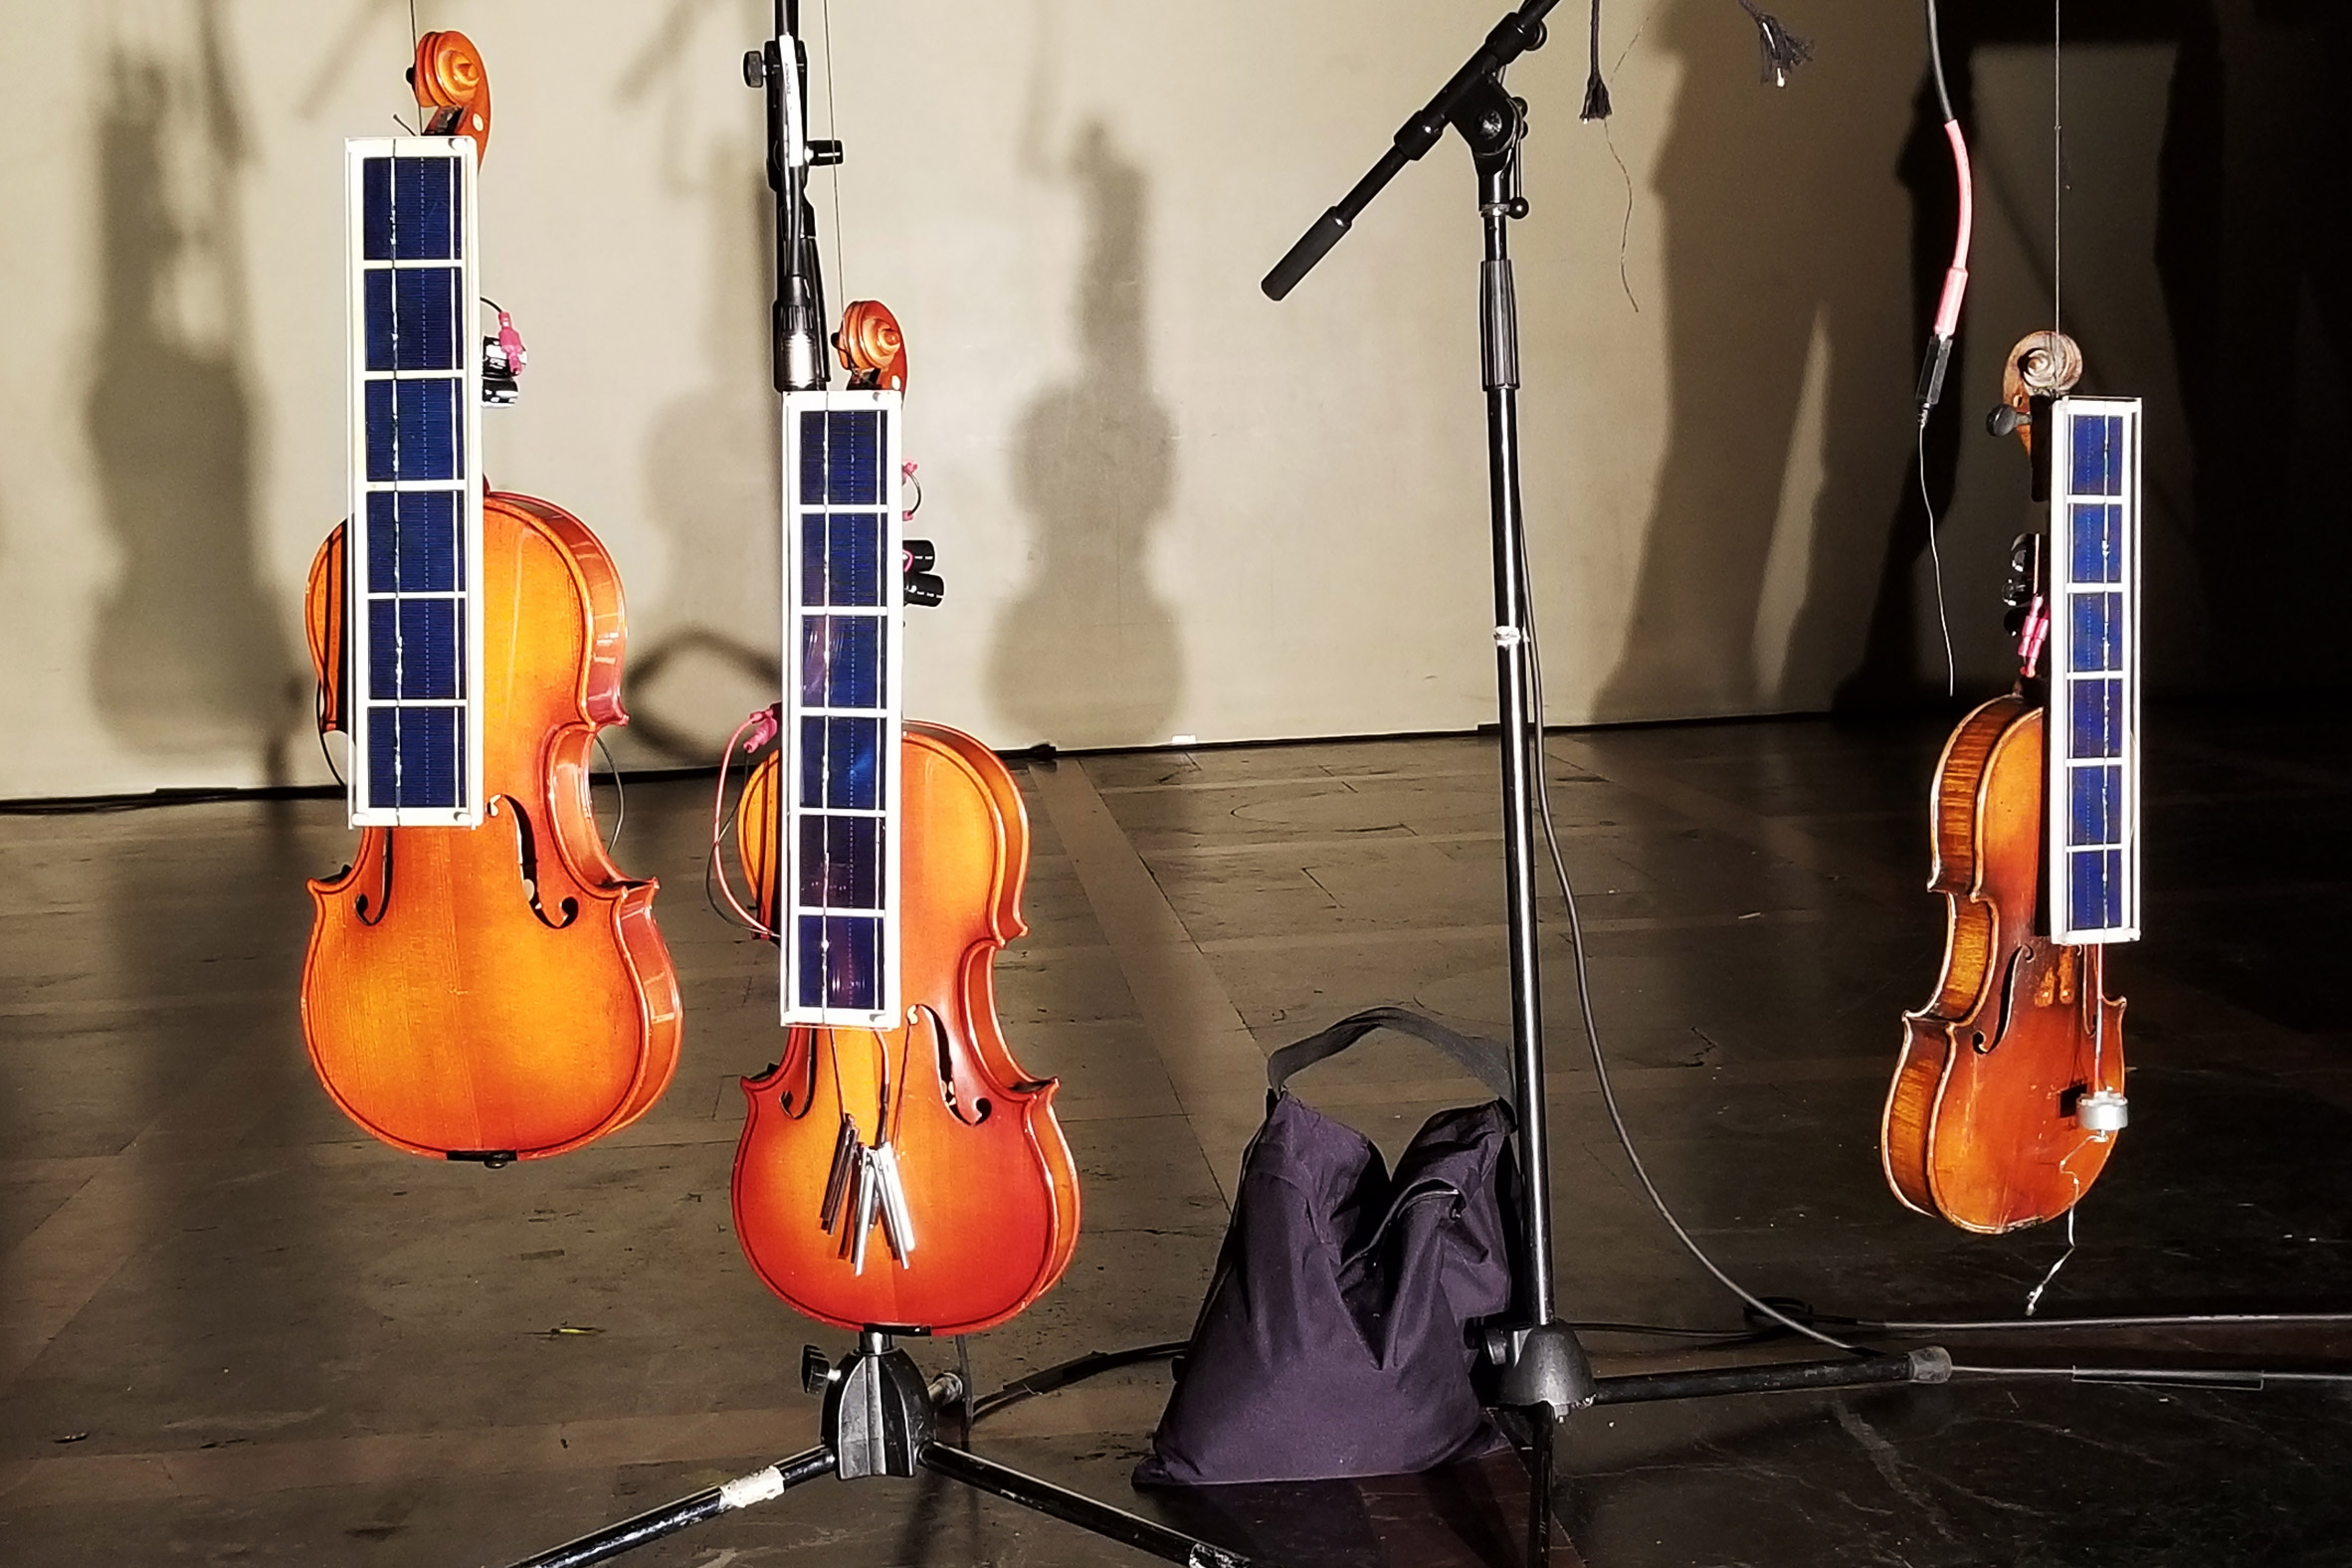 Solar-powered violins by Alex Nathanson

______________________________

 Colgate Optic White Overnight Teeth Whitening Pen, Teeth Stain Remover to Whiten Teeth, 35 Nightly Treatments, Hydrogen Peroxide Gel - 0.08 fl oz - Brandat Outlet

______________________________

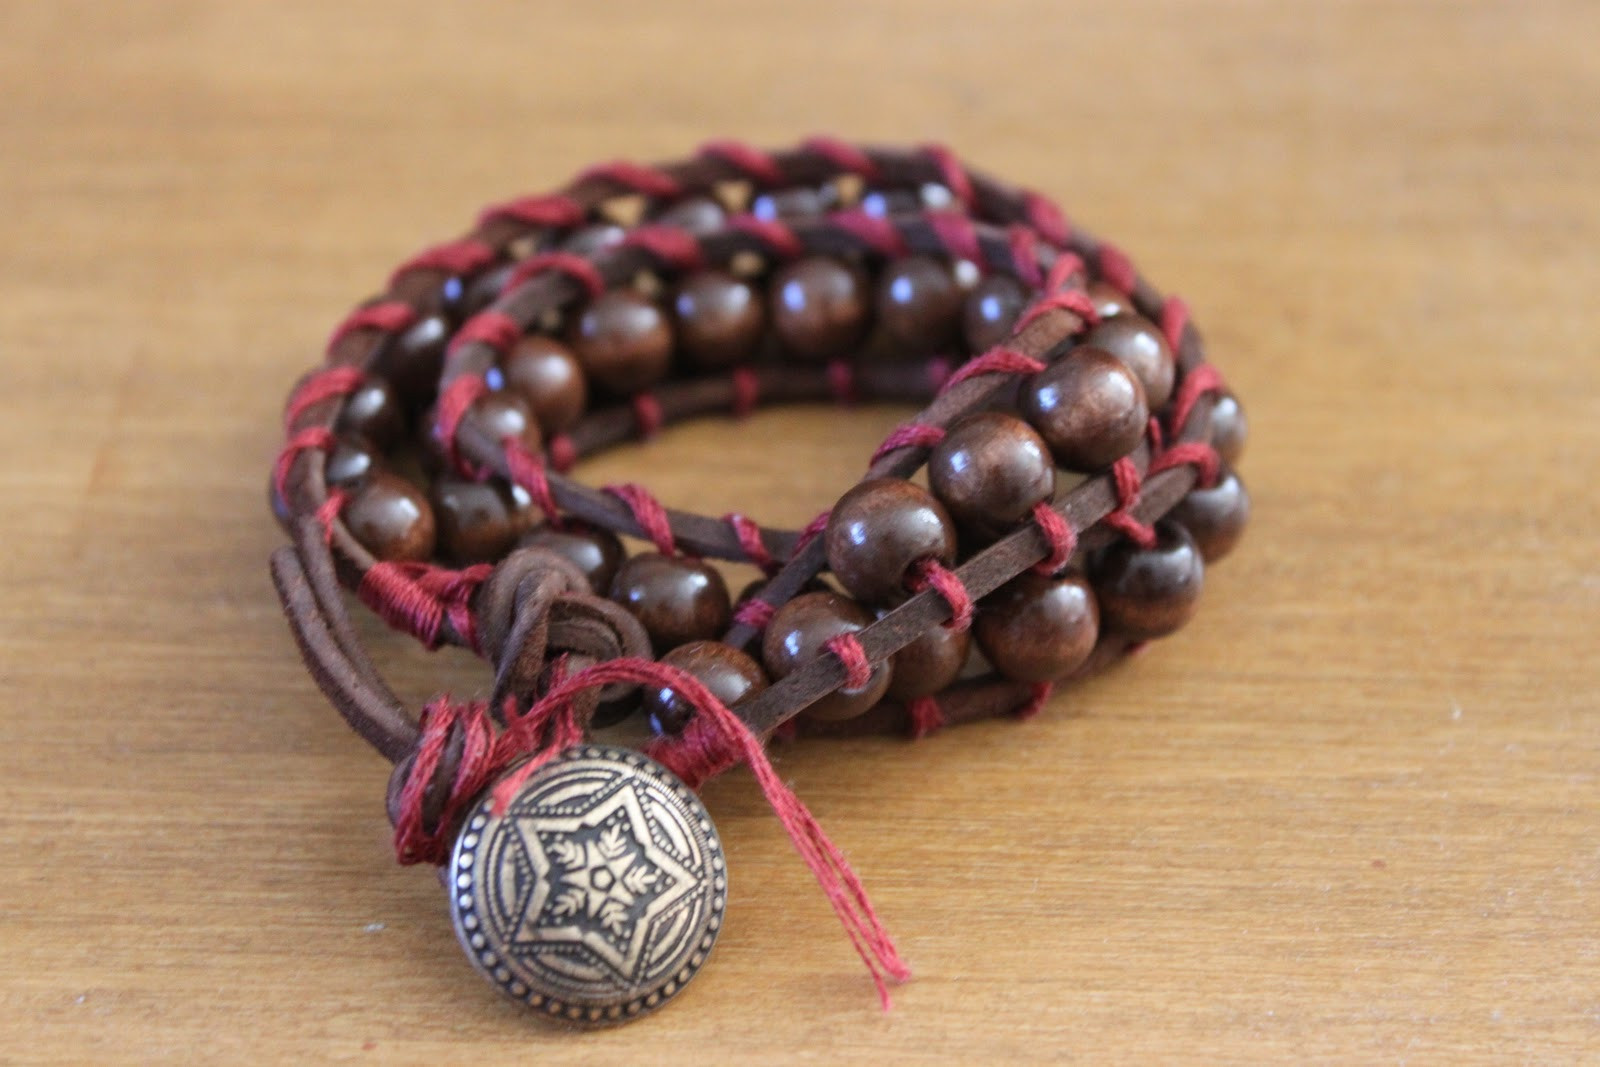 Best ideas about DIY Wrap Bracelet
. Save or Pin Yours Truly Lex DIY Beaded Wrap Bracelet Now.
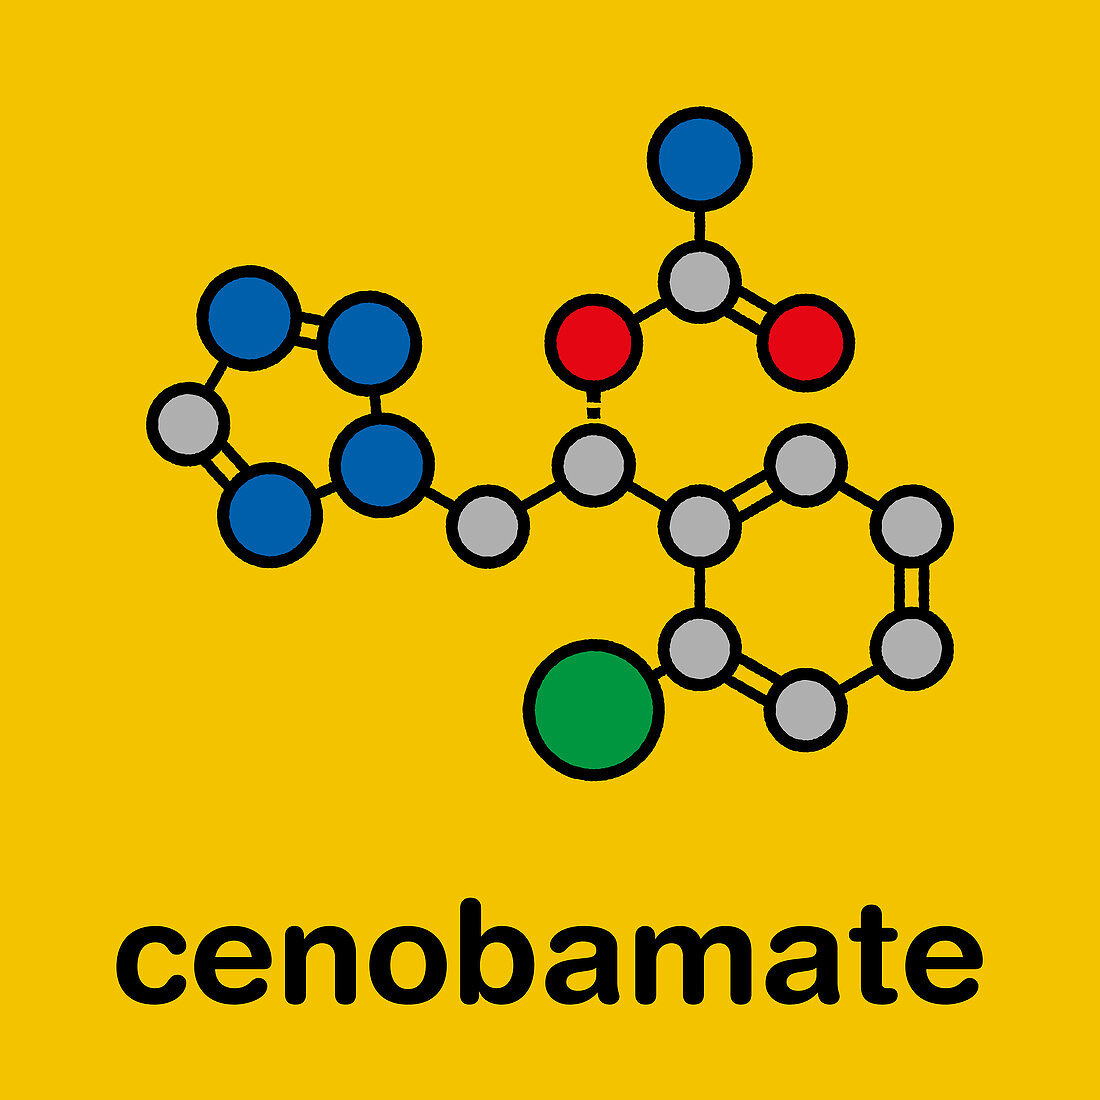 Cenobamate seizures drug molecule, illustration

______________________________

TO DO - Among the entries above, find the line with "Wrap Bracelet Now." and repeat exactly from there through the line with "Cenobamate seizures drug", leaving out the pictures.

ANSWER BOX -
. Save or Pin Yours Truly Lex DIY Beaded Wrap Bracelet Now.
 Cenobamate seizures drug molecule, illustration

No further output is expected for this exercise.